Comment accélérer le séchage des grains ?
Telle fut la question que se posèrent les premiers caféiculteurs non africains. La réponse fut immédiate car dès le début du XVIIIe siècle, nous avons les traces des premiers dépulpeurs. La voie humide était donc inventée.
En prenant la cerise à peine cueillie, on la passe dans un dépulpeur qui lui arrache la peau, les grains se retrouvent alors nus et recouvert d’une légère couche de pulpe de fruit. Afin, de se débarrasser de cette pulpe ou chair de fruit, les grains sont mis dans des réservoirs pour fermenter. Pourquoi ? Parce que la fermentation est la dégradation de la matière organique par des micro-organismes que sont les bactéries puis les levures principalement.

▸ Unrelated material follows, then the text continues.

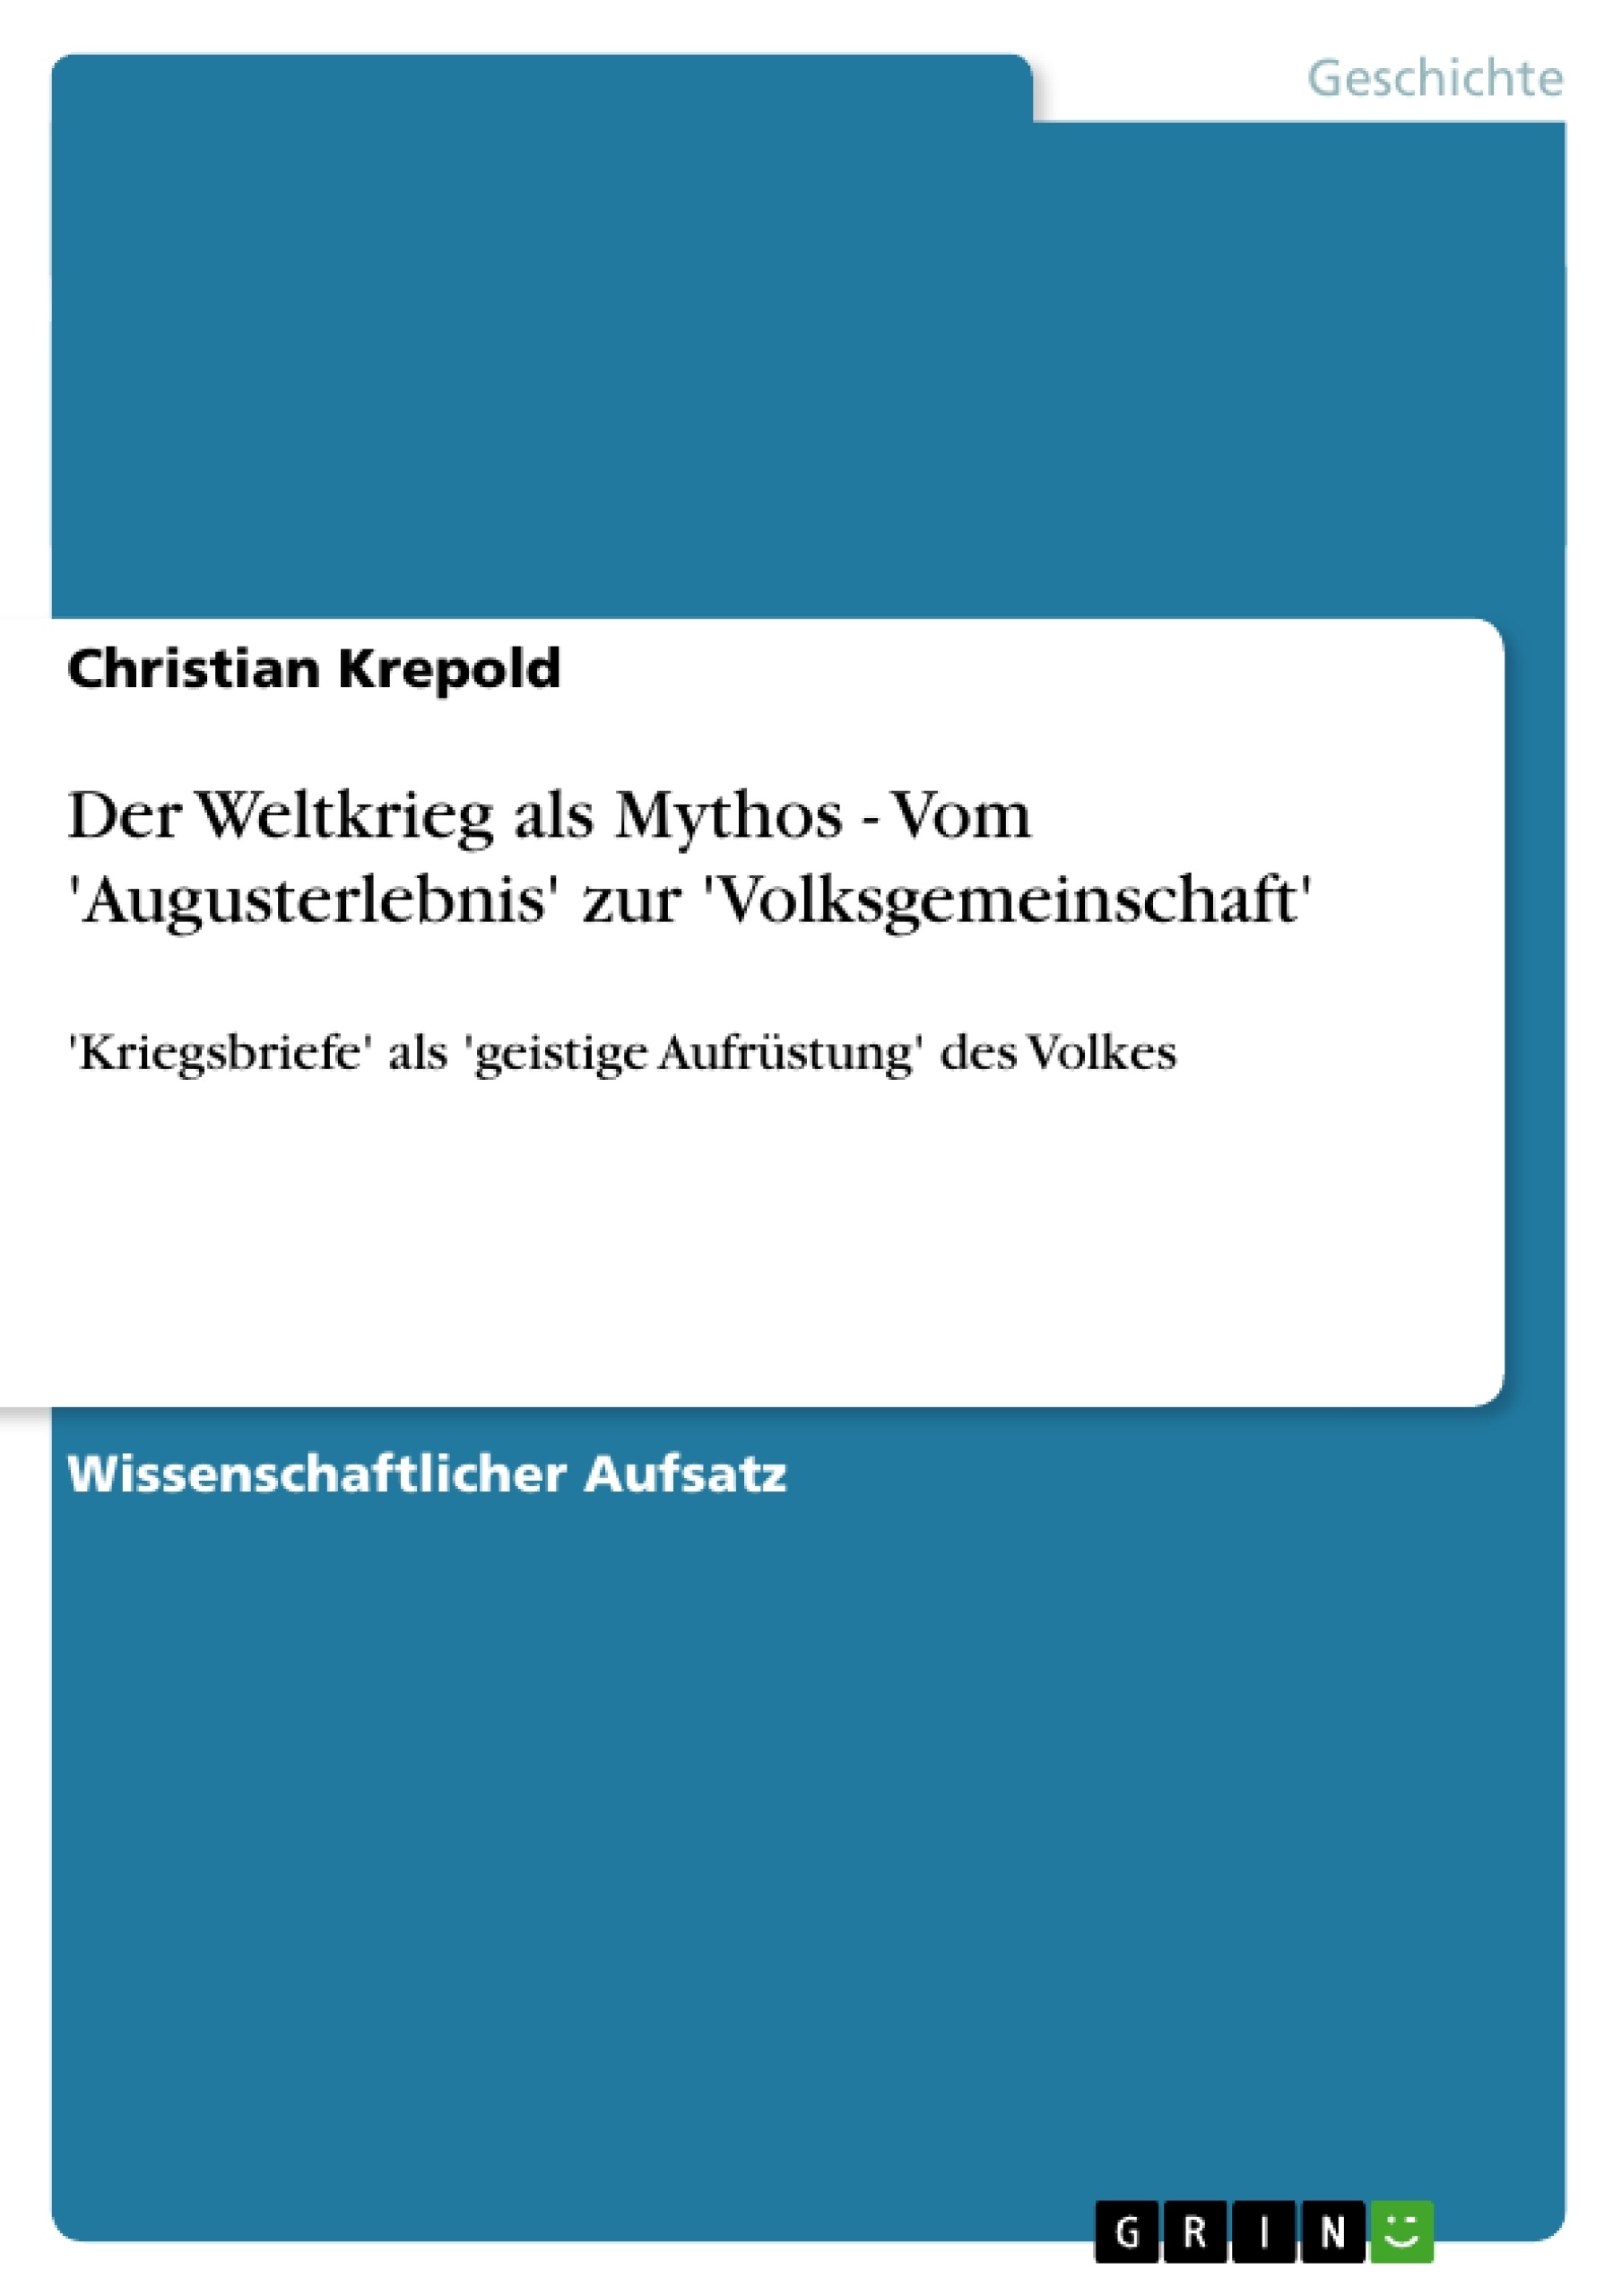 Title: Der Weltkrieg als Mythos - Vom 'Augusterlebnis' zur 'Volksgemeinschaft'

La fermentation, la clé de la méthode par voie humide
En fermant les grains, on élimine ainsi la pulpe et met totalement à nu les grains. A la suite du dépulpage et de la fermentation, les grains de café ont donc perdu leurs deux premières couches : la peau (l’écorce / la cascara) et la chair. Ainsi, ils pourront séchés, non pas en une trentaine de jours, mais en une dizaine maximum !
Alors pourquoi, n’a-t’on pas appelé cette méthode “dépulpée” ? Après la fermentation, et afin de débarrasser les grains des derniers résidus et surtout d’arrêter tout processus fermentaire, les grains sont lavés dans des canaux ou des bassins d’eau.

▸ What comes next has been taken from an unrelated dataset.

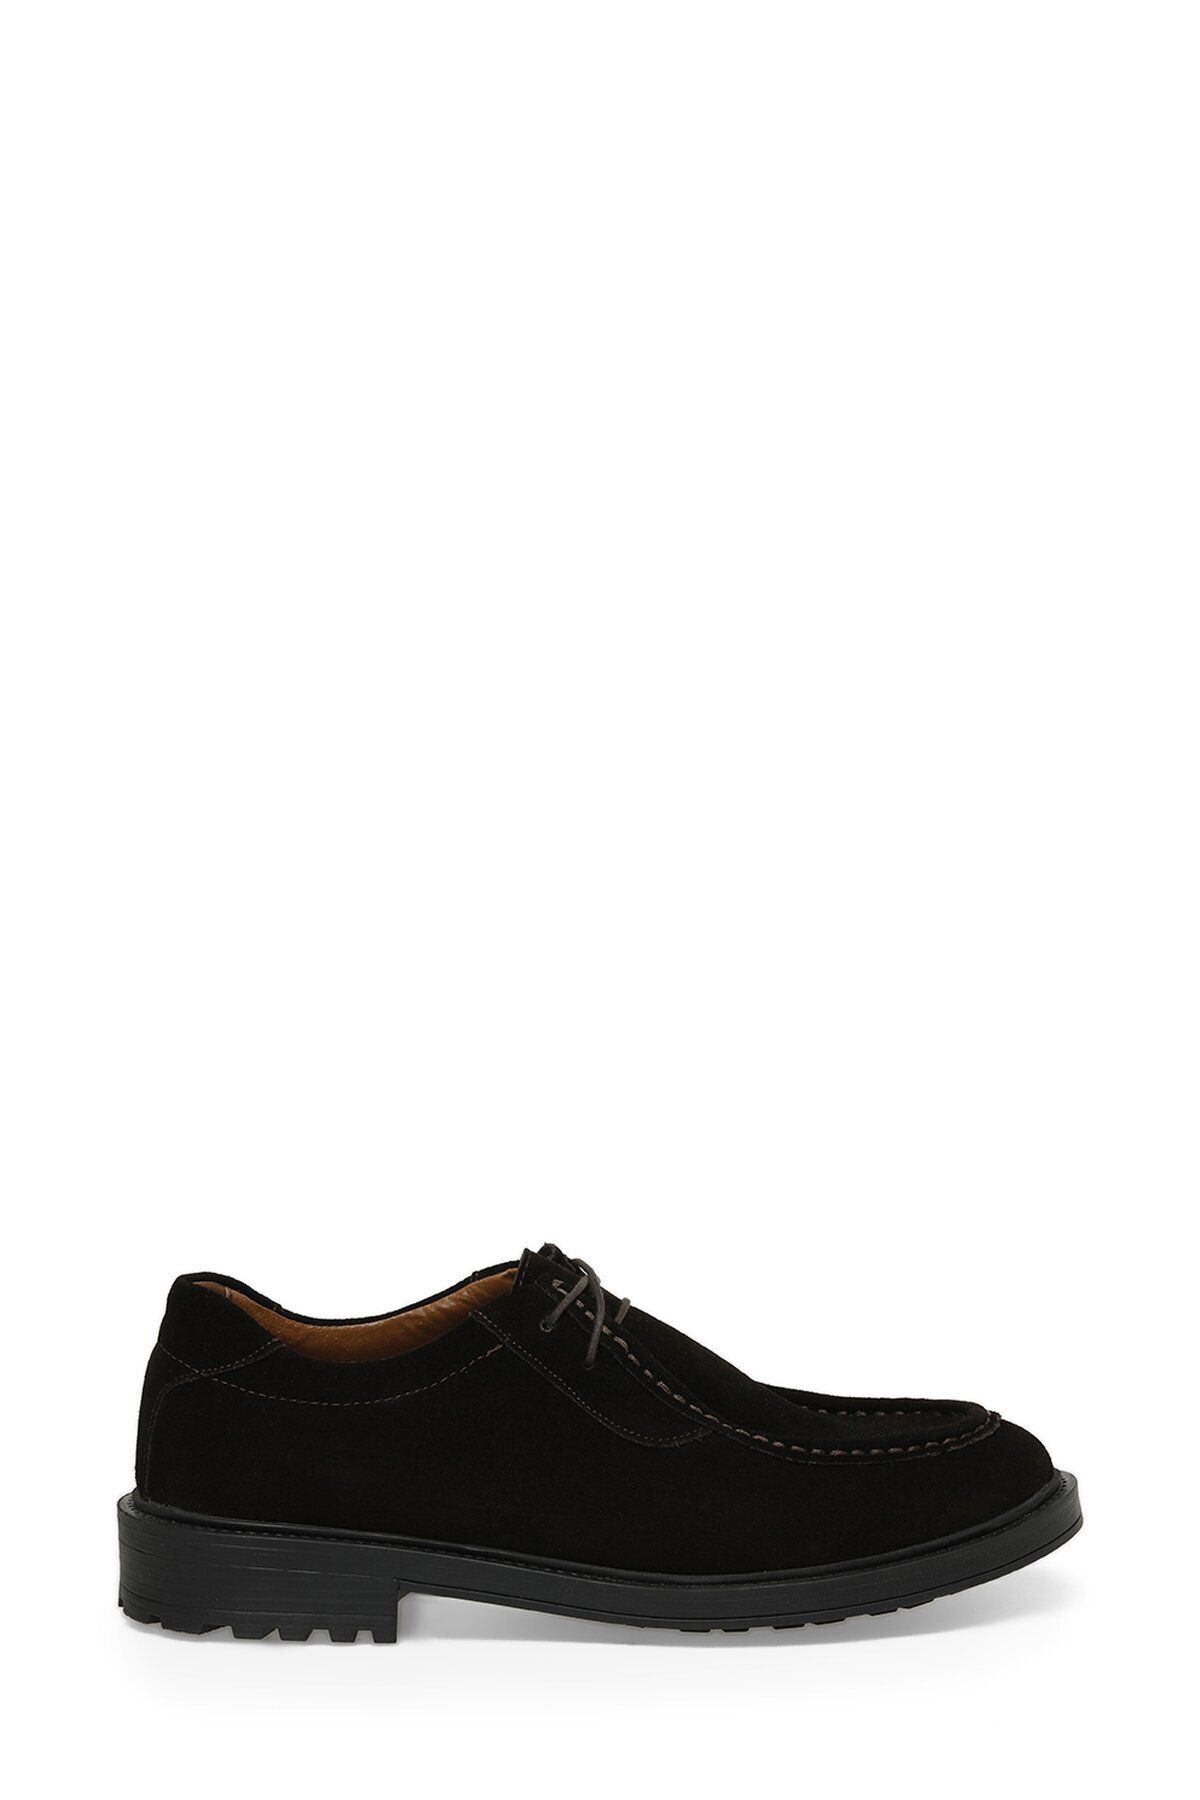 Garamond RODAN 3PR Kahverengi Erkek Klasik Ayakkabı

En les agitant dans l’eau courante, ils perdent ainsi leur dernier résidu. On les lave, une ou deux fois, on les fermente une ou deux fois comme en Colombie ou en Afrique de l’Est, c’est le cas du Maravilla et du Bourbon Pointu de la Réunion.
A l’échelle du temps, le café originel est donc Naturel, puis Lavé. La voie sèche est la tradition, la voie lavé la modernité.
Les cafés lavés sont-ils de meilleure qualité ?
Les cafés lavés ont été très longtemps dominants sur le marché de la qualité.
Ils sont en effet fermentés, lavés puis séchés rapidement. Par la fermentation, une complexité et des acidités se développent, on passe ainsi de 30 marqueurs aromatiques à plus de 300. Par le lavage et le séchage rapide, on assure une hygiène et prévient des défauts liés au séchage et aux contaminations. Le café lavé a donc été longtemps synonyme de qualité.
Alors que le café naturel, lui connaissait et connaît encore souvent pour les qualités inférieures des défauts caractéristiques. En laissant sécher des fruits à même le sol de terre, ceux-ci pourrissent en partie, absorbent poussières et saletés, sont attaqués par diverses champignons. Le goût du Naturel a donc été longtemps celui de la pourriture, des notes fermentaires (vinaigre, renfermé, réduction, champignon..) longtemps honni par les consommateurs et les producteurs. Le café naturel était donc le pas cher, le non noble et encore aujourd’hui, représente plus de 90% des canephora (robusta).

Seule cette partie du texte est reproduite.